A lot of (great) performers have been there. In that moment when someone's stone cold passing you by, lashing out - via physical aggression or just a hard stare - becomes a double hit: half "come back here, you fucker, you need this," half "I don't give a damn about doing what you want." Violence is always questionable and we should talk about it, but violence in a performative format can be so refreshing. Plus, I'm pretty sure Meg Remy kicked a bro in the Art Gallery of Ontario.

Aside from that, there's the necessary statement about Remy's ability to belt it out like she's possessed by, I don't know, something supremely mighty and unforgiving. There's also my quick admission that I'm still completely in awe of what she and MacKenzie are doing right now. During both sets it sounded like the speakers were busted or inadequate, but at least a good portion of that was deliberate sound, steeping pop ideas in the heavy sludge of cultural commentary.

AGO First Thursday

A couple of blinged-out attendees in the front row wearing bodycon dresses lost their minds after Remy pointed a light at them, dancing like mad people and mouthing words to songs they may or may not have known (OK, who doesn't love "The Boy is Mine").
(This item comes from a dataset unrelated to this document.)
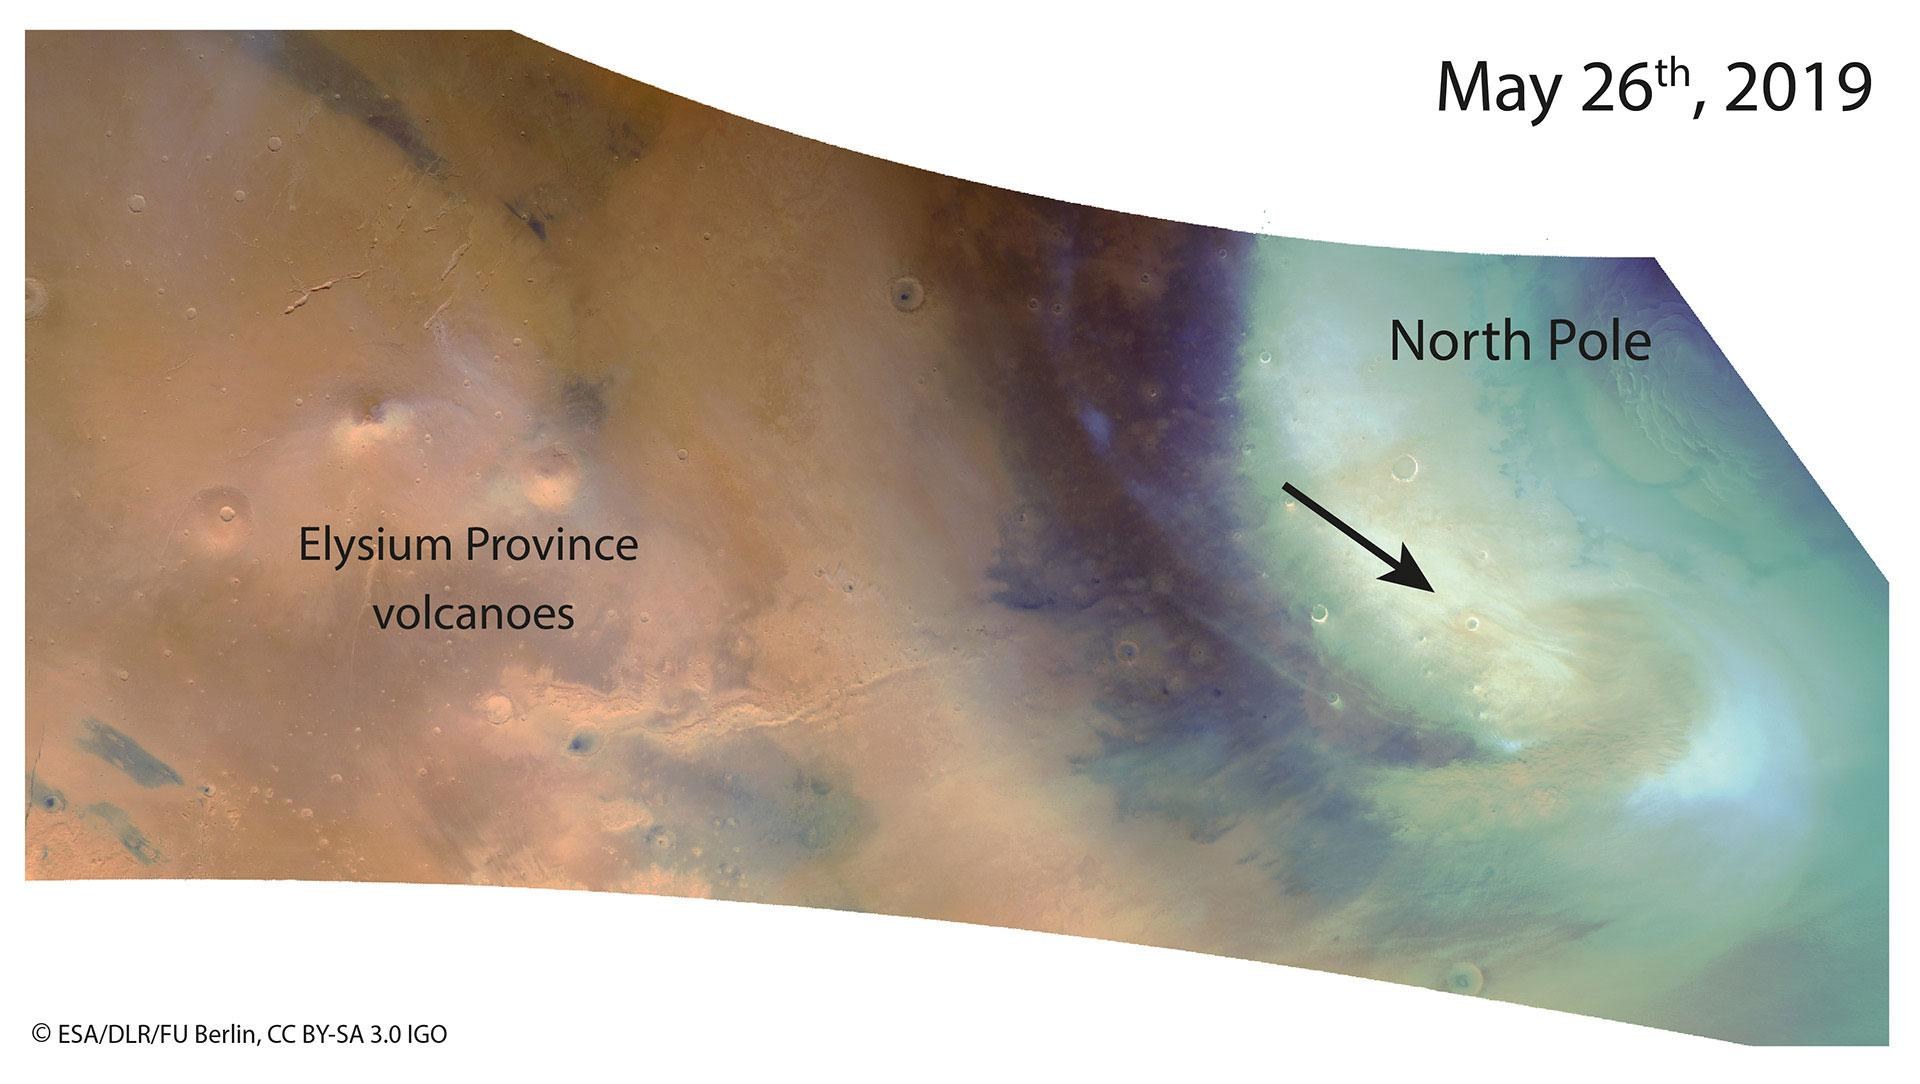 Staubsturm am Rand der Nordpoleiskappe des Mars

It hit home how the solo experimental pop thing might not have been the best fit for the largely King Westian crowd, but both musicians made some new fans on Thursday, and now MacKenzie and Remy get to say they've played at the AGO.

AGO First Thursday

Remy (who was mad or playing mad, remember) turned on the crowd at one point. "Art doesn't excite you anymore? Art doesn't excite me anymore either." If you missed this, you were in line for a drink. "Art" with a capital A largely doesn't excite me like it used to, but Petra Glynt and U.S. Girls are two artists who constantly have me confronting challenging ideas, and swaying to their beat.